Art of the Curious; Collectors attracted to the rare, the bizarre and the beautiful

Colnaghi___Art_of_the_Curious_installation_shot__1

Art of the Curious installation shot. Contemporary collection of curiosities recreating the composition in a Vanitas Still Life painting by Peeter Sion the Elder (1624-1695

LONDON - The concept of the Kunstkammer has undergone a revival in recent years and its appeal is highlighted by the number of strange and alluring objects that have been sold during the first week of the intriguing exhibition Art of the Curious at Colnaghi, 15 Old Bond Street, London.  The show is a collaboration between Colnaghi’s paintings and drawings departments and Kunstkammer Georg Laue of Munich, the leading gallery specialising in Kunst- and Wunderkammer objects of the Renaissance and Baroque.  It is open to the public until 25 October 2013.

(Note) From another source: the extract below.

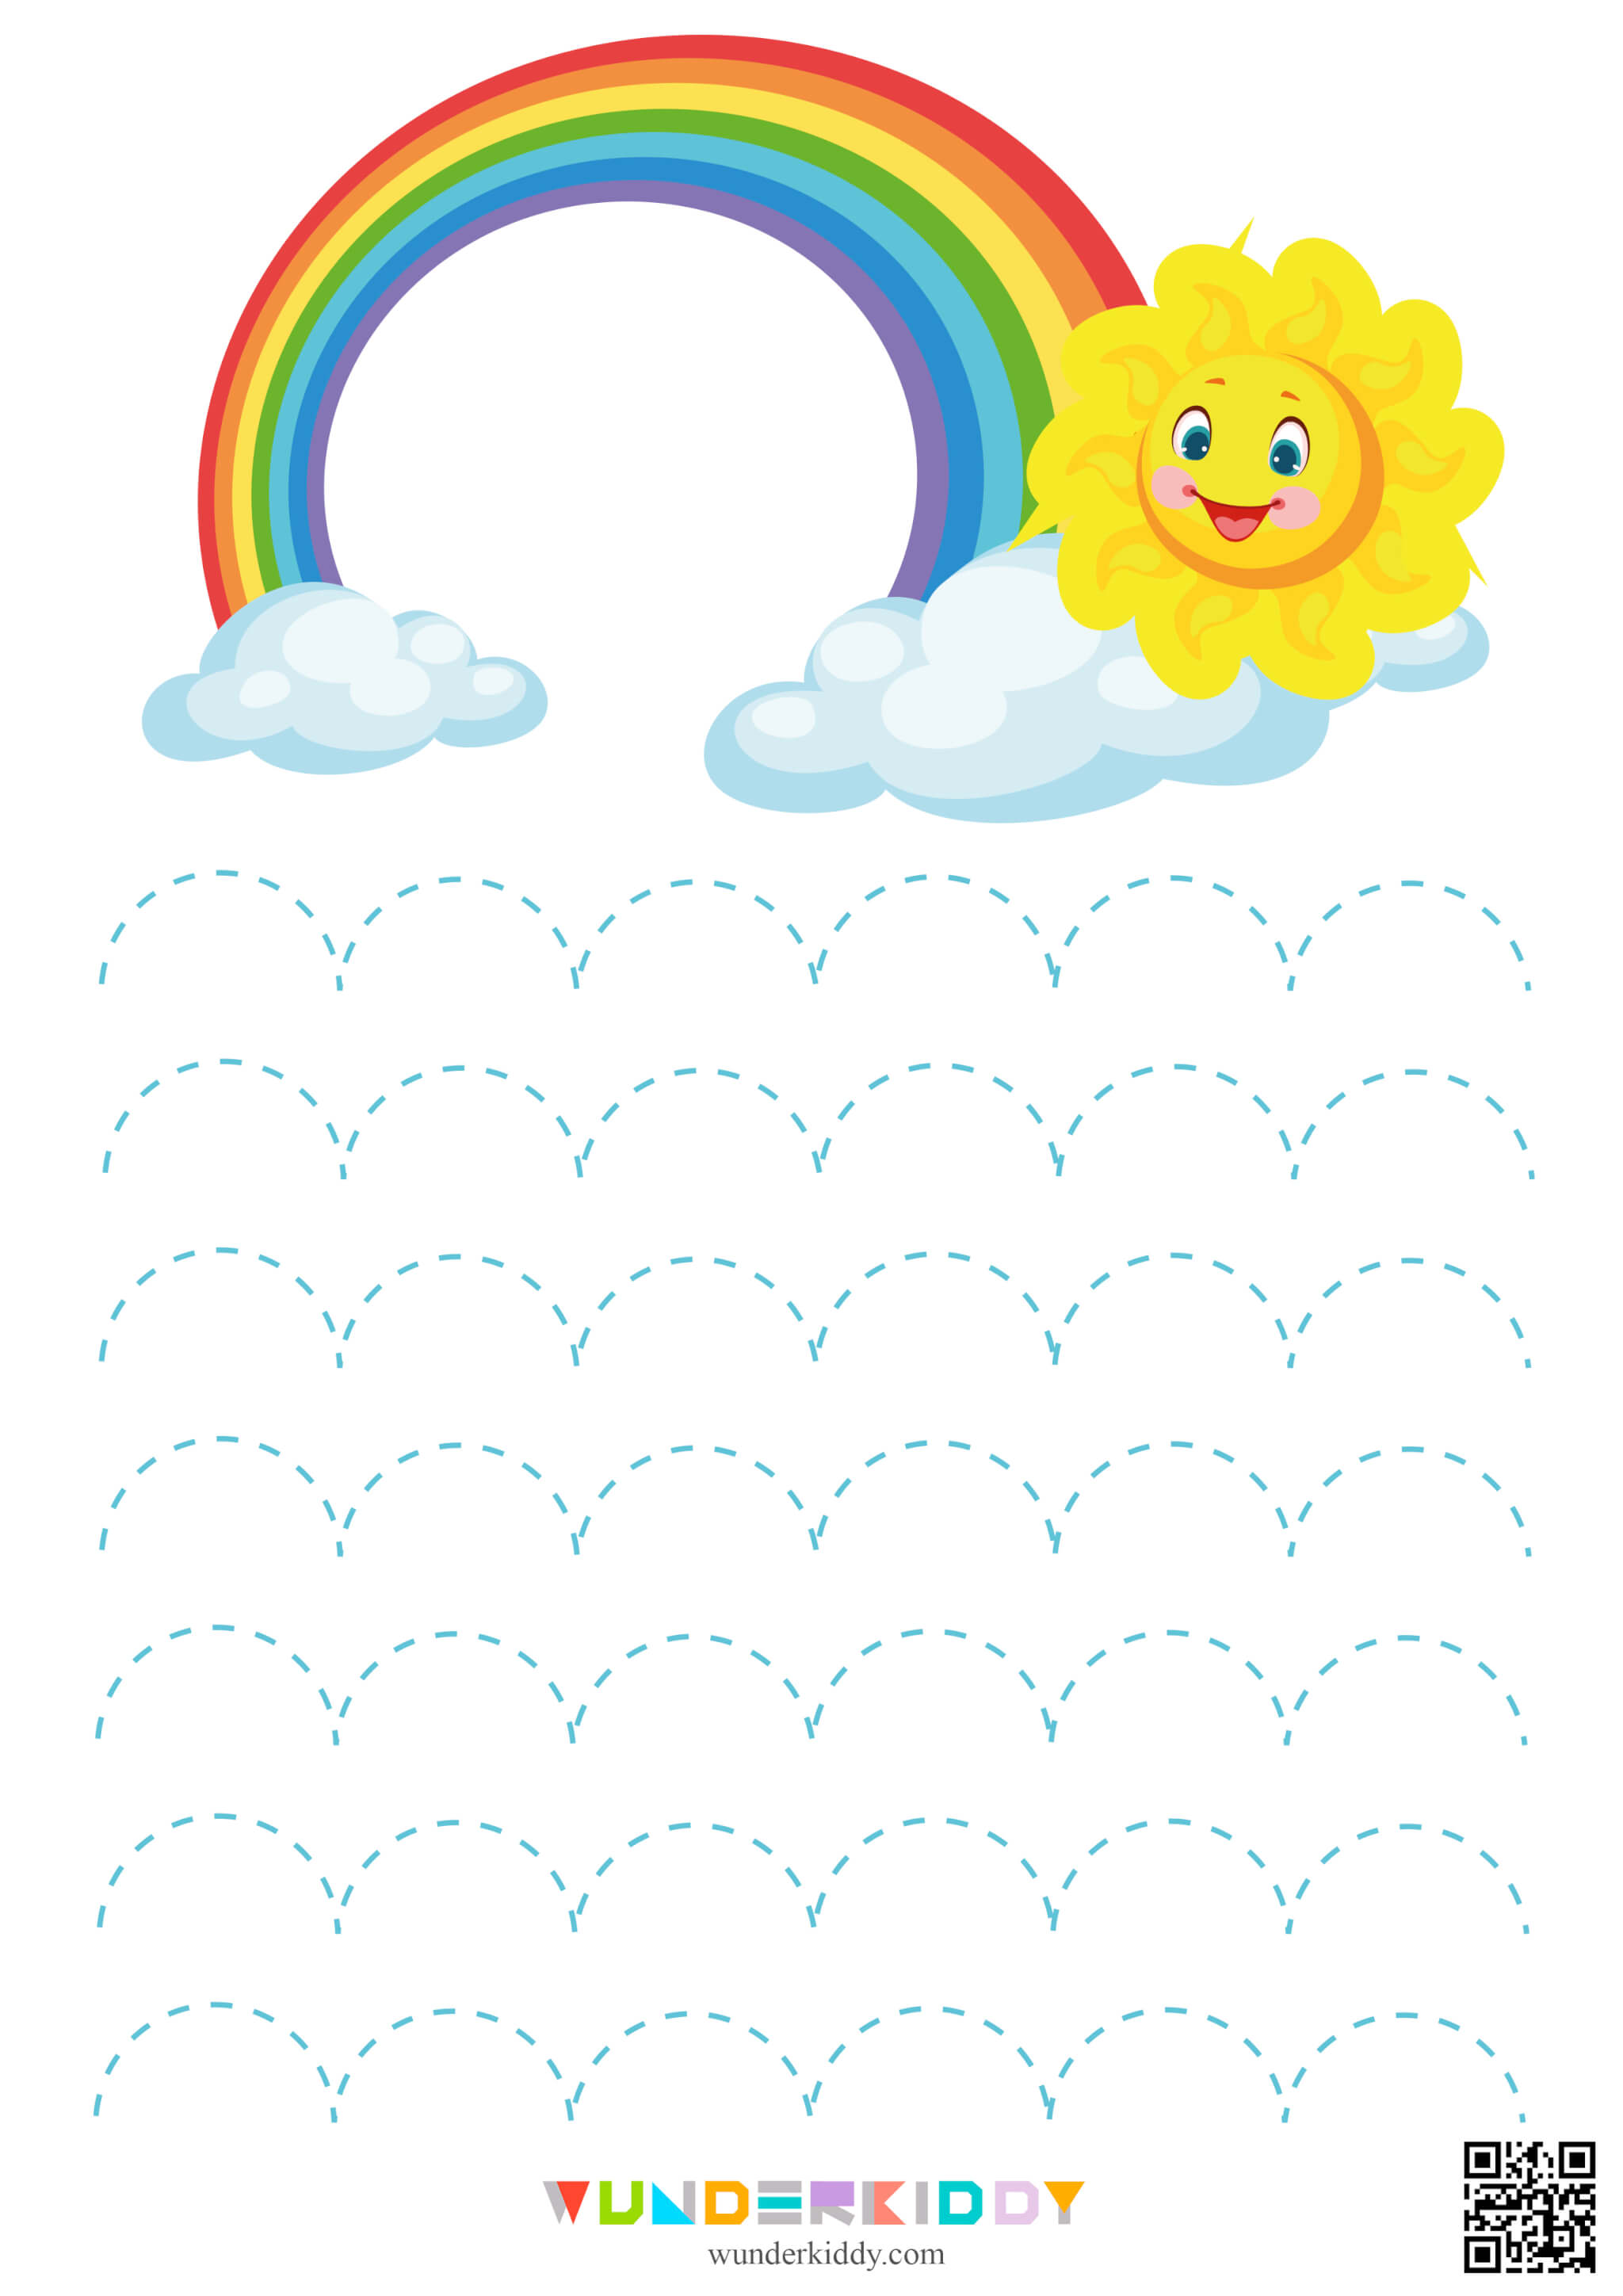 Worksheet for Pre-writing Practice Sun and Rainbow - Image 5
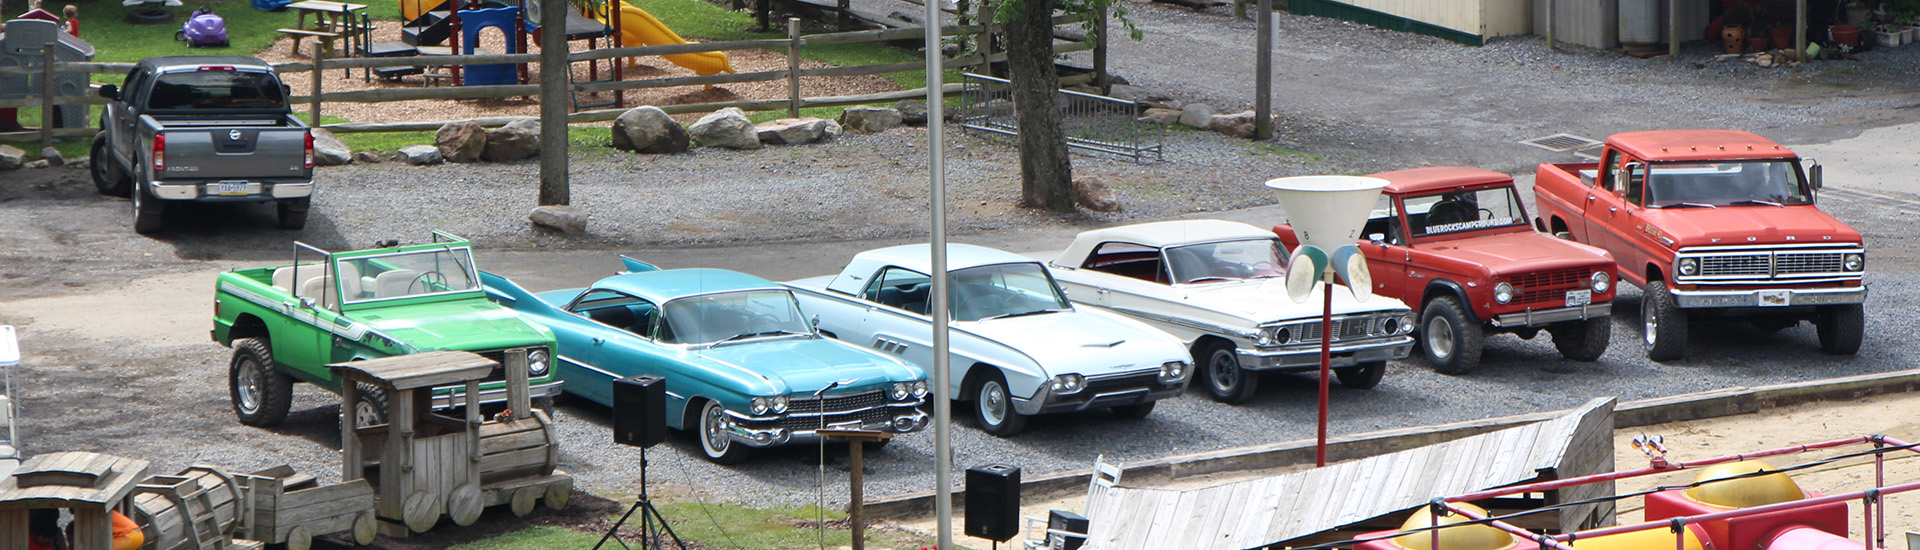 An array of classic cars parked by the playground.

There was great enthusiasm for the extraordinary natural and artistic marvels and early sales included two Vanitas skulls:  a 17th century German ivory skull (asking price £12,000) and an 18th century carved wood example (ap £8,000). Other somewhat macabre objects which have also found favour are a group of pickled animals including a fish, snake and lizard (ap £600 each), from the natural history cabinet of the Vienna ‘Volksheim’, circa 1900, and an anatomical model of a cockchafer beetle by Louis Auzoux, circa 1875, (ap £18,000).  

Scientific instruments are widely collected and among those sold are an English 18th century draughting instrument with perpetual calendar (ap £3,000) and two sundials: an English horizontal example by Michael Butterfield (1635-1724) in its original leather case, signed Paris, circa 1680, (ap £3,500), and a German cubic sundial by David Beringer (1756-1821), Nuremberg, circa 1790, (ap £3,800). 

The Rijkmuseum’s Decorative Arts Fund acquired a mid 18th century elaborate design for a silver cutlery set by an Augsburg Master (ap £4,000) while natural history studies also proved popular with the sales of the wonderful drawing of Adriatic algae (Conferva Künhans) by the Italian artist Abate Stefano Chiereghin (1745-1820) (ap £2,400), and the German ink and black chalk rubbing of leaves, dated 1779, (ap £2,400). 

Art of the Curious draws its inspiration from the cabinets of curiosities put together by princely collectors, wealthy burghers and influential scholars from the 16th to the 18th centuries but it also includes works by contemporary artists responding to these earlier traditions including ceramicist Natasha Daintry, whose arrangements of pots, ranging in price from £300 to £1,400, were much in demand.